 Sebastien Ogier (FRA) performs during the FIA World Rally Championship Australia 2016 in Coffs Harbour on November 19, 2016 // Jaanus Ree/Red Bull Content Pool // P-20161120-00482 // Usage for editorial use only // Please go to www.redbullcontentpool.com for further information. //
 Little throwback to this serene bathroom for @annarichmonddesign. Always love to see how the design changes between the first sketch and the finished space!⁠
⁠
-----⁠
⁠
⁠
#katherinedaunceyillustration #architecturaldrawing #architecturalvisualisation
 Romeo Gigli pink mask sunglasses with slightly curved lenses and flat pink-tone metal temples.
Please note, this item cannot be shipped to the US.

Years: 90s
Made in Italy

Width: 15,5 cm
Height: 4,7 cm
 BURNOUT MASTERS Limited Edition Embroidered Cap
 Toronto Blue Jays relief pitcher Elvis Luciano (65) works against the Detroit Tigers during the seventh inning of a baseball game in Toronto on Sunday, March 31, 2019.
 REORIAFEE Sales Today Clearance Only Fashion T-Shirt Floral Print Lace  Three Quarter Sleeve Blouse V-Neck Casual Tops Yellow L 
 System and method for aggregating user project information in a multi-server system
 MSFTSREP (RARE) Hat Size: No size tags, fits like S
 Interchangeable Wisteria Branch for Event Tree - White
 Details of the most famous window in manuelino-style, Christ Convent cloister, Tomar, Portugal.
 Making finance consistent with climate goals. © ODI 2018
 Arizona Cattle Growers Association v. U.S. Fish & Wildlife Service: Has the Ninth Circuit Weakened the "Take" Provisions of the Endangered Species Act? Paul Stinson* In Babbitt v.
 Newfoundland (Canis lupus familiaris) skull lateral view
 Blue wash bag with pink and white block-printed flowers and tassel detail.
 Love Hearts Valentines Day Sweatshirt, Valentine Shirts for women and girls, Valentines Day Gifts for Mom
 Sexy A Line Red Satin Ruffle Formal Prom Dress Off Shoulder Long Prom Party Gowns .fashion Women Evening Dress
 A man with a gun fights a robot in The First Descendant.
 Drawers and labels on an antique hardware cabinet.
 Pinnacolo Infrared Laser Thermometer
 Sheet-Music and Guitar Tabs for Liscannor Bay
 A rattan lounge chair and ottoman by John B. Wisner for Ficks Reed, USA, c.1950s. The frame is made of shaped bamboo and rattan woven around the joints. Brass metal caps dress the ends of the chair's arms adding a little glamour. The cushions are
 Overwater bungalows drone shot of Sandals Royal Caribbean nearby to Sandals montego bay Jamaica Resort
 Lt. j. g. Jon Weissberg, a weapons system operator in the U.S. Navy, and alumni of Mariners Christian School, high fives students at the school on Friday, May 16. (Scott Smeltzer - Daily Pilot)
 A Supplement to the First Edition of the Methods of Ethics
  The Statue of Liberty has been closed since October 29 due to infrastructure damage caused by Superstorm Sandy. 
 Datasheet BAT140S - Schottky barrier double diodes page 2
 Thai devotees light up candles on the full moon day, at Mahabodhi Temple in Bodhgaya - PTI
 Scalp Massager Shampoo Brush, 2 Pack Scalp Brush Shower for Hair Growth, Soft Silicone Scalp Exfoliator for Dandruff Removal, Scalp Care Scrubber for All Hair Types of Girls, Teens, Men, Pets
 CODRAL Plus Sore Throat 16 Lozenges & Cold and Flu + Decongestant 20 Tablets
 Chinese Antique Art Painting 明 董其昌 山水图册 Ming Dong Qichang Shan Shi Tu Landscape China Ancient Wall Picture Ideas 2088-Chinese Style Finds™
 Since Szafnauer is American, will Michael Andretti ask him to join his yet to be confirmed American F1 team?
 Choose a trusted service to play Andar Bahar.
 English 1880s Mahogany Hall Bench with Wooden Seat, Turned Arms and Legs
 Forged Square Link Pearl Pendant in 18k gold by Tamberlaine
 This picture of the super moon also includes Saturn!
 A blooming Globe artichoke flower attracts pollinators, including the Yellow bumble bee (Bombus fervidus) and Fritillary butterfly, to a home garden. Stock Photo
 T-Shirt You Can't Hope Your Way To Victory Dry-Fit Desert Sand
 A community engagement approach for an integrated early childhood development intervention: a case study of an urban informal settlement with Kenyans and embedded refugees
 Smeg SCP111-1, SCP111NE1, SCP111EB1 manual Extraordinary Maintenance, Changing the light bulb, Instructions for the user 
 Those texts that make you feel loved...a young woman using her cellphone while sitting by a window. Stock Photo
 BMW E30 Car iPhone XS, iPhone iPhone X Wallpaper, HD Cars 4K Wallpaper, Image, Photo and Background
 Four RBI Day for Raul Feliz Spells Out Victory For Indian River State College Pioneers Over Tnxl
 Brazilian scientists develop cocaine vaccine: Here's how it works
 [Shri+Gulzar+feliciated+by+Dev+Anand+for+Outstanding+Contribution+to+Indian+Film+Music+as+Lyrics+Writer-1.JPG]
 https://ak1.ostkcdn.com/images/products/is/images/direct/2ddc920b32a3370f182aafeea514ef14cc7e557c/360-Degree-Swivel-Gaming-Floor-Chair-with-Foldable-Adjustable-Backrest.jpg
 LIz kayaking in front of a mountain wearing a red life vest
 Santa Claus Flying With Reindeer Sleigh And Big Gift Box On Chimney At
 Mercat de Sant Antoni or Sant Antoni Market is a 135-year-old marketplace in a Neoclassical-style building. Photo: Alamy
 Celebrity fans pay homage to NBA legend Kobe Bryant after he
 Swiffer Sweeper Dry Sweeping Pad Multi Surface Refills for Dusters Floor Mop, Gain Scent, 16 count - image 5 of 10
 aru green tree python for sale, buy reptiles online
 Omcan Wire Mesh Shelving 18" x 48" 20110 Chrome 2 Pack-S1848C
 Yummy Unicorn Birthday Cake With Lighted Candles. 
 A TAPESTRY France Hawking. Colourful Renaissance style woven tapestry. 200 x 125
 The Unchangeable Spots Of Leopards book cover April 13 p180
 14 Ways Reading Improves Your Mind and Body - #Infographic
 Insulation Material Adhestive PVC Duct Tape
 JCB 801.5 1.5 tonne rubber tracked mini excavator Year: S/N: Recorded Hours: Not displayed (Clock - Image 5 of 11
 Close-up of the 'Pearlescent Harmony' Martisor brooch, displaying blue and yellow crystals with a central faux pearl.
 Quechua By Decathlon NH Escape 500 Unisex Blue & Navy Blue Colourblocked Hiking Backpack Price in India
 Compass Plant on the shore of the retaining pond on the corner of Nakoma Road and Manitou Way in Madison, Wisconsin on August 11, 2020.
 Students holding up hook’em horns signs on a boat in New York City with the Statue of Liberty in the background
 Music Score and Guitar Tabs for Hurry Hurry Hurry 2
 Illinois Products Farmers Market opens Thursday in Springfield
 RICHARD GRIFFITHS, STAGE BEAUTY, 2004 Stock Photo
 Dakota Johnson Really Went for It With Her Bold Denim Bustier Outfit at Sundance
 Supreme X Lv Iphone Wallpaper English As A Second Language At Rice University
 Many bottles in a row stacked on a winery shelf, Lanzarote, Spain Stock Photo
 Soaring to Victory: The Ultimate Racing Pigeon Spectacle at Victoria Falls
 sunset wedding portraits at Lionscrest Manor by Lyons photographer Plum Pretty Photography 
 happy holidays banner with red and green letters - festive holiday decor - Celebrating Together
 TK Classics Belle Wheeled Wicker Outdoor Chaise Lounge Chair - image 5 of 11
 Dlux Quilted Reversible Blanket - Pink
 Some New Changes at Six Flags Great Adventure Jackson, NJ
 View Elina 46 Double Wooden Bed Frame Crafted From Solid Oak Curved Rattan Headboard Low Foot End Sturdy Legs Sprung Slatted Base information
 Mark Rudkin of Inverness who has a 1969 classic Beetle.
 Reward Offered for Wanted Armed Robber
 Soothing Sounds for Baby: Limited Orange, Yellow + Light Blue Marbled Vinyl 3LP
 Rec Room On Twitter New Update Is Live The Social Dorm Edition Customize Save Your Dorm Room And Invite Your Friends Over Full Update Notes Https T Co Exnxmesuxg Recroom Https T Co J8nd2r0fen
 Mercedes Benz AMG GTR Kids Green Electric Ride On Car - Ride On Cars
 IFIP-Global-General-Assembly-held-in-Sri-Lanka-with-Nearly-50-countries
--------
- **Task requirements**
Starting with the line above that holds "happy holidays banner" and stopping with the line that holds "Some New Changes", reproduce each line exactly, omitting all other lines.

- **Exercise response**
 happy holidays banner with red and green letters - festive holiday decor - Celebrating Together
 TK Classics Belle Wheeled Wicker Outdoor Chaise Lounge Chair - image 5 of 11
 Dlux Quilted Reversible Blanket - Pink
 Some New Changes at Six Flags Great Adventure Jackson, NJ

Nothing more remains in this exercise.